“I didn’t realize this until after I actually started playing the damn game a week after launch.”
I enjoy how it sounds like the guy didn’t even start out by playing the game, but rather started modding right away. I do get that. The coding itself is fun.
But yeah, the guy could also be making an own game, if it was just about the coding. At some point, you do want your mod to be part of a game worth playing.
Modding an existing game is rarely comparable to the complexity of creating the game from scratch.
Adding assets and changing dialigue in and existing dialoge framework are accessible to a lot of people who are not up to designing physics and hitboxes. AAA titles require vast teams of people to get the skeleton and muscles of the game right, and mods are generally the hair coloring and nail polish.
That isn’t to say creating mods is inherently easy or anything, but it is tweaking an existing thing and not comparable to building it from scratch.
Sure, but some game engines out there do give you quite a bit to work with, too.

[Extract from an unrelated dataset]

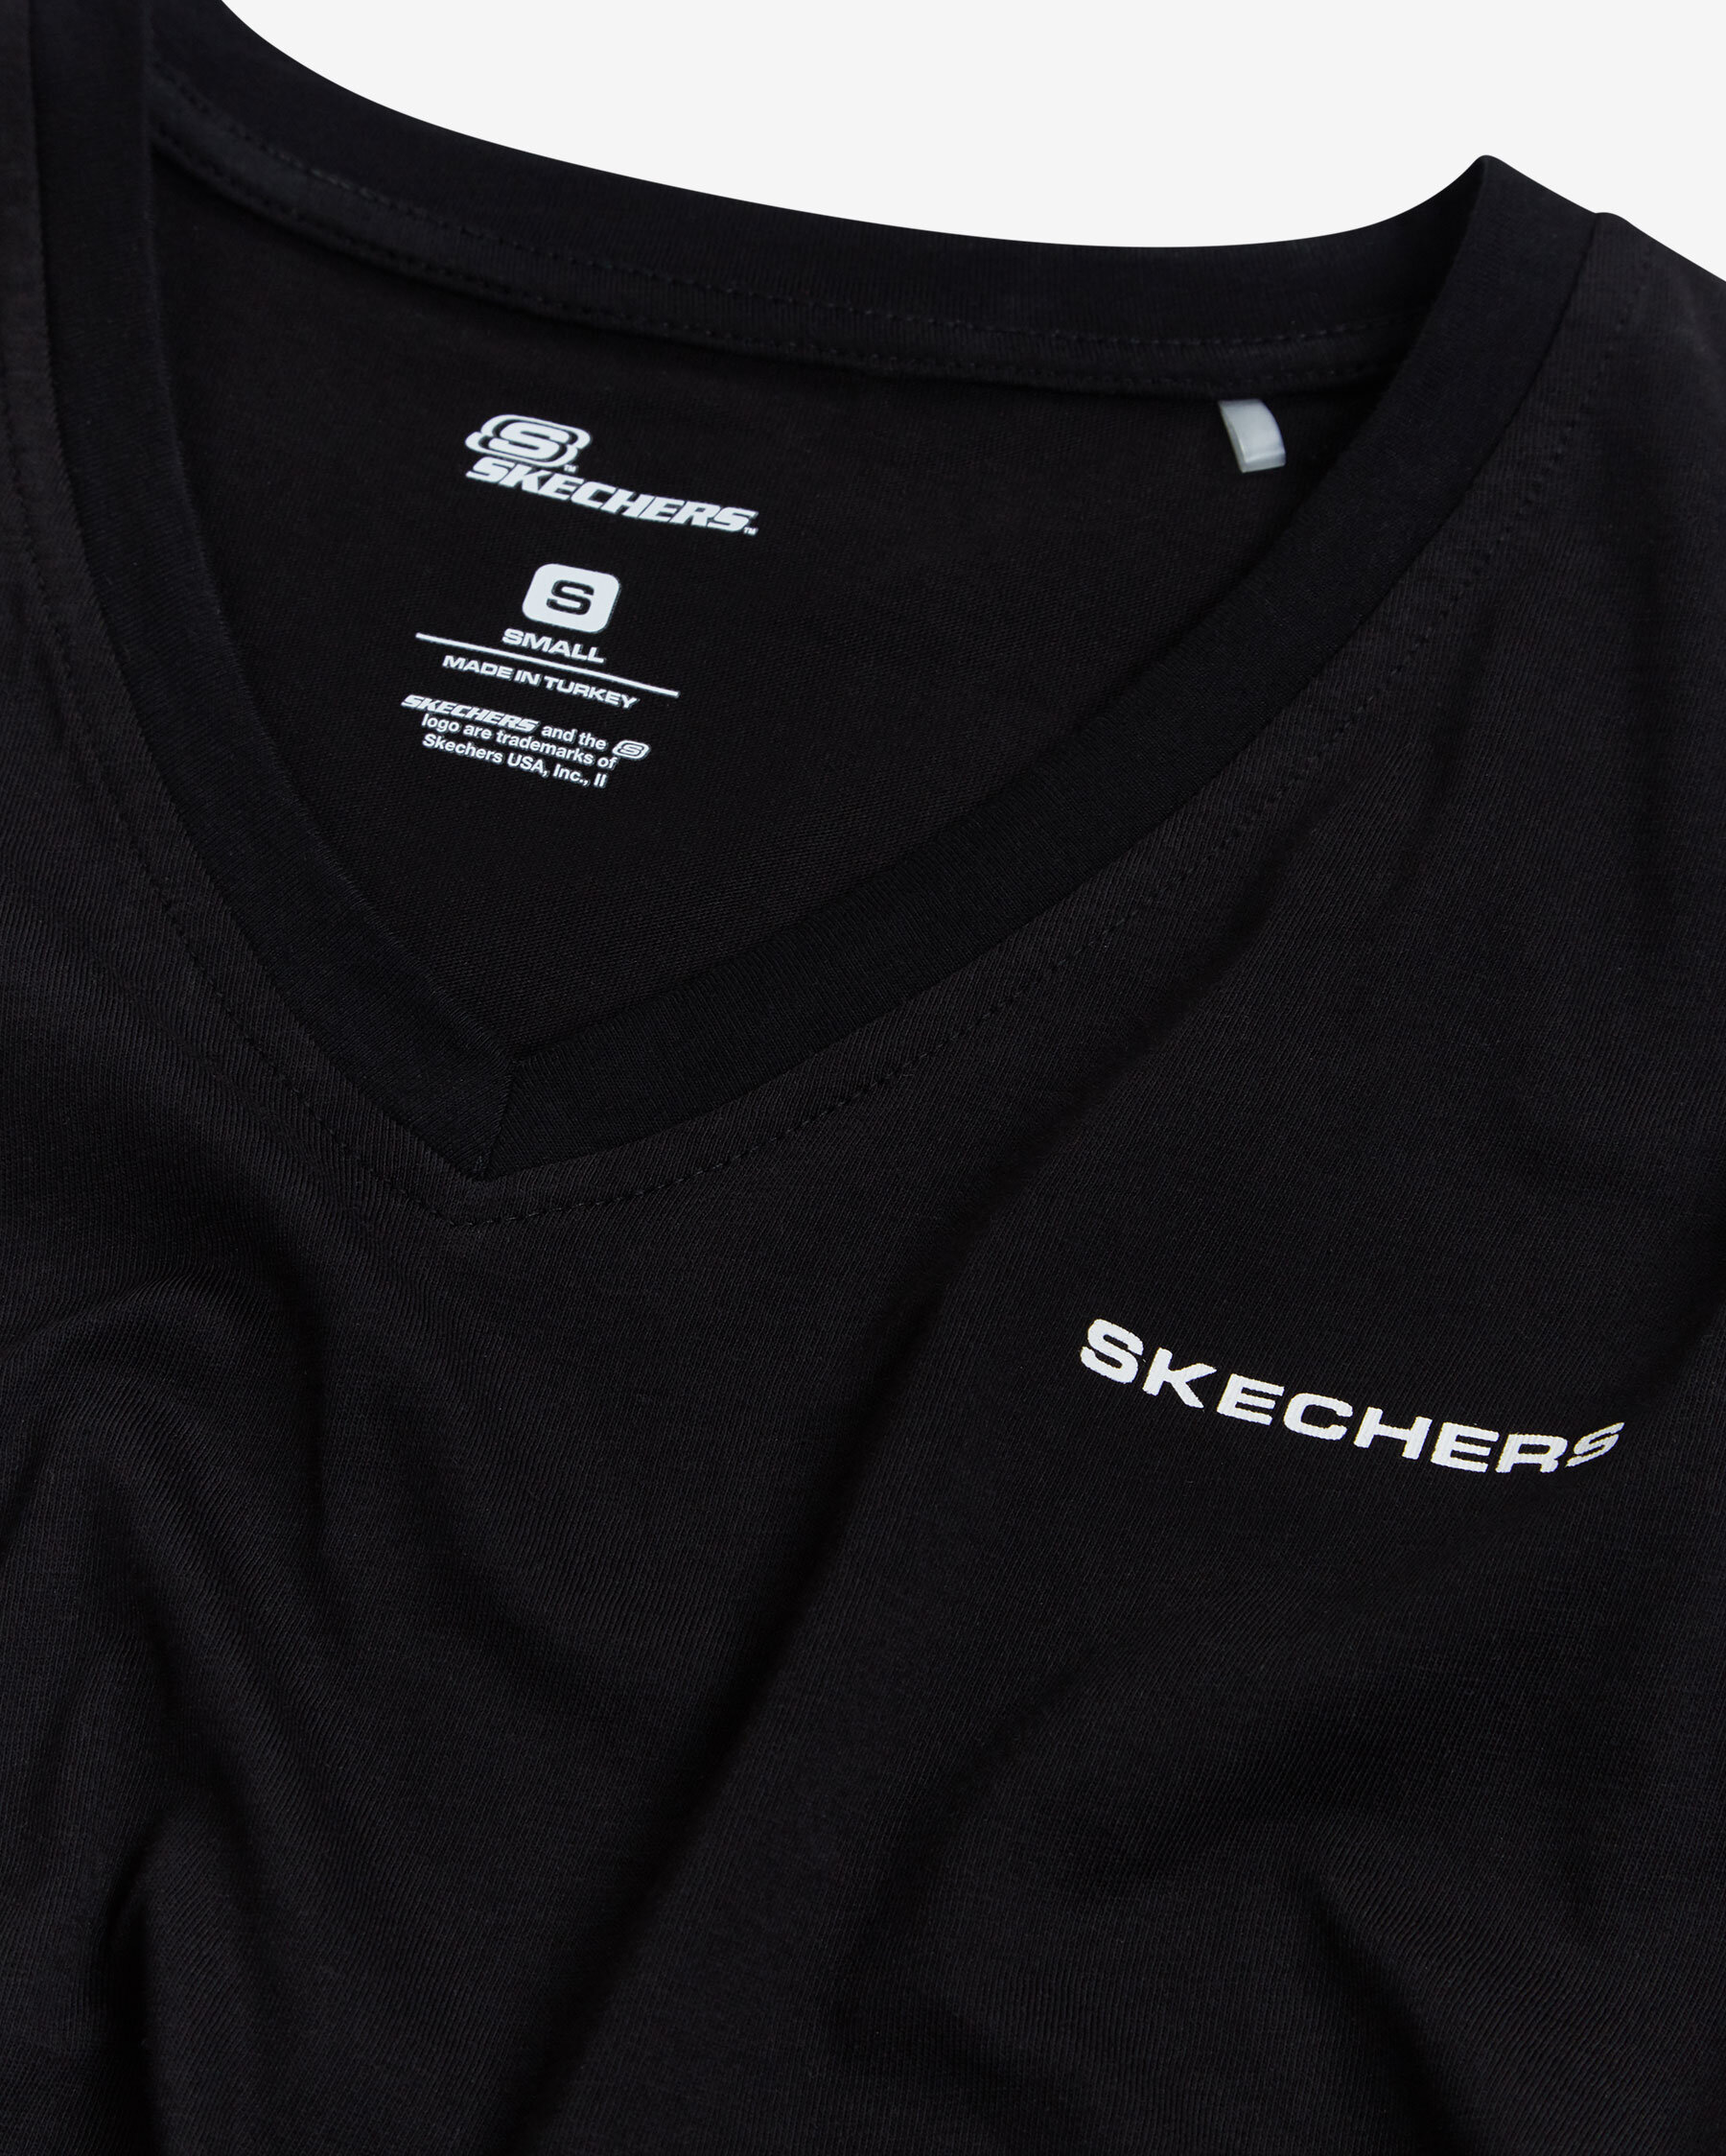 Skechers New Basics V Neck Siyah Tişört (S212399-001)

And well, I was talking specifically about the guy enjoying the coding without necessarily caring about the end result (like he’d do, if he patched up Starfield without enjoying the game).
If that were the case, even designing the physics can be a fun riddle.That is a teensy-tiny problem compared to what has to be done to make a game like Starfield. Go look at the credits. Now understand that each of those teams had weeks or even months where they worked 60-80 hours to solve problems or design things or write or rewrite the story to fit a problem that the programmers can’t solve. Now, imagine putting all that work on one dev or even a tiny dev team. And now you know why the market isn’t flooded by indie dev games of this size and complexity. There is a reason why so many people involved in games burn out quickly - they are often ground down by the grueling work.
You are also conflating ability to do one thing really well with being able to do all things really well.